Костик остановил игру и вызвал на экран изображение горбатого старика в бесформенных черных одеяниях. В углу экрана светилась цифра 4.

– Он вам уже четыре раза помог, – сказал Костик. – Вот здесь указано – видите?

– А я заметила только трижды.

– Он же не лезет на первые роли. Делает свое дело исподтишка.

– Но смысл-то в чем? – удивилась Светлана. – Мне интереснее было бы сражаться самой.

– Говорю же – специально привнесен элемент случайности. Когда вы идете к своей цели, вам на вашем пути кто-то может помочь, а кто-то, напротив, будет мешать. Это как в жизни.

Как в жизни. Я в тот раз не обратил внимания на эти слова.

50

Меня допрашивал новый следователь, которого я видел впервые. Он представился Морозовым и сказал, что будет вести дело об убийстве Гончарова.

– А где Ряжский? – не удержался я.

– Болеет.

Значит, совсем плохи дела у Ряжского. Ему в тот раз так досталось на Ленинградском проспекте, что до сих пор бюллетенит.

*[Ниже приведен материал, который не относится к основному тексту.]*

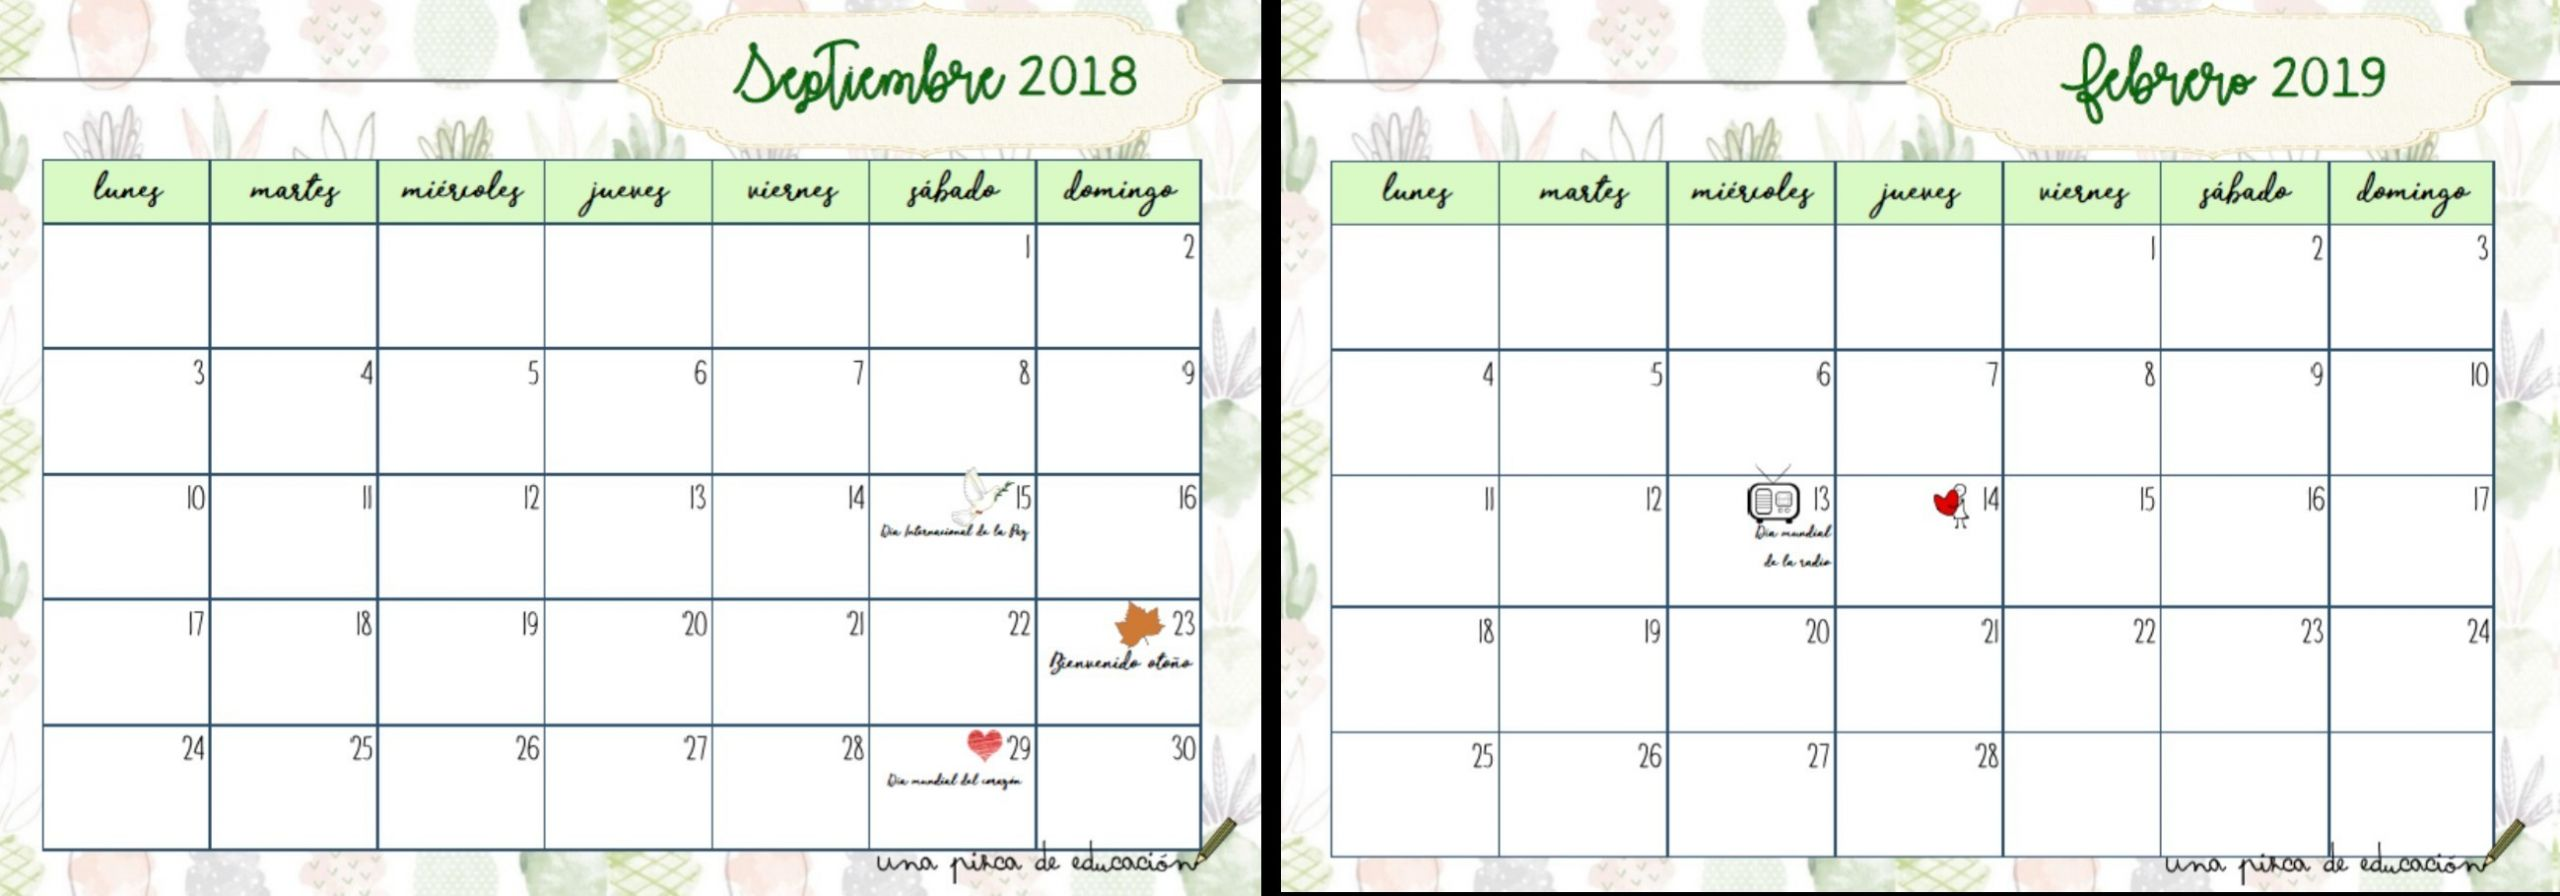 calendario octubre 2017 para imprimir chile mas reciente noticias calendario 2017 para imprimir michelzbinden of calendario octubre 2017 para imprimir chile

– Жаль, – искренне сказал я. – Передавайте ему от меня привет.

– Спасибо.

Хотя Морозов, судя по его вопросам, уже успел ознакомиться с материалами уголовного дела, все-таки чувствовалось, что кое о чем он пока не имел никакого представления. Он иногда задавал вопросы, на которые мне уже приходилось отвечать тому же Ряжскому. Вопросы в основном касались Гончарова. Кто он, откуда взялся, чем занимался в нашей группе, действительно ли ходил в офис к Боголюбову и не с моей ли подачи это было. Может, Морозов проверял меня, спрашивая об этом? Ждал, не собьюсь ли я, ответив невпопад?

– А о прежней жизни Гончарова вам что-нибудь известно?

– Да.

– Расскажите, пожалуйста.

– Он работал грузчиком.

– Где?

– В овощном магазине.

– Адрес магазина?

Я продиктовал. Морозов даже не потрудился записать. Только кивнул – и все. Я понял, что этот адрес ему известен и почти наверняка прокурорские уже успели там побывать. С каким, интересно, результатом? Тоже, наверное, не нашли Колпакова.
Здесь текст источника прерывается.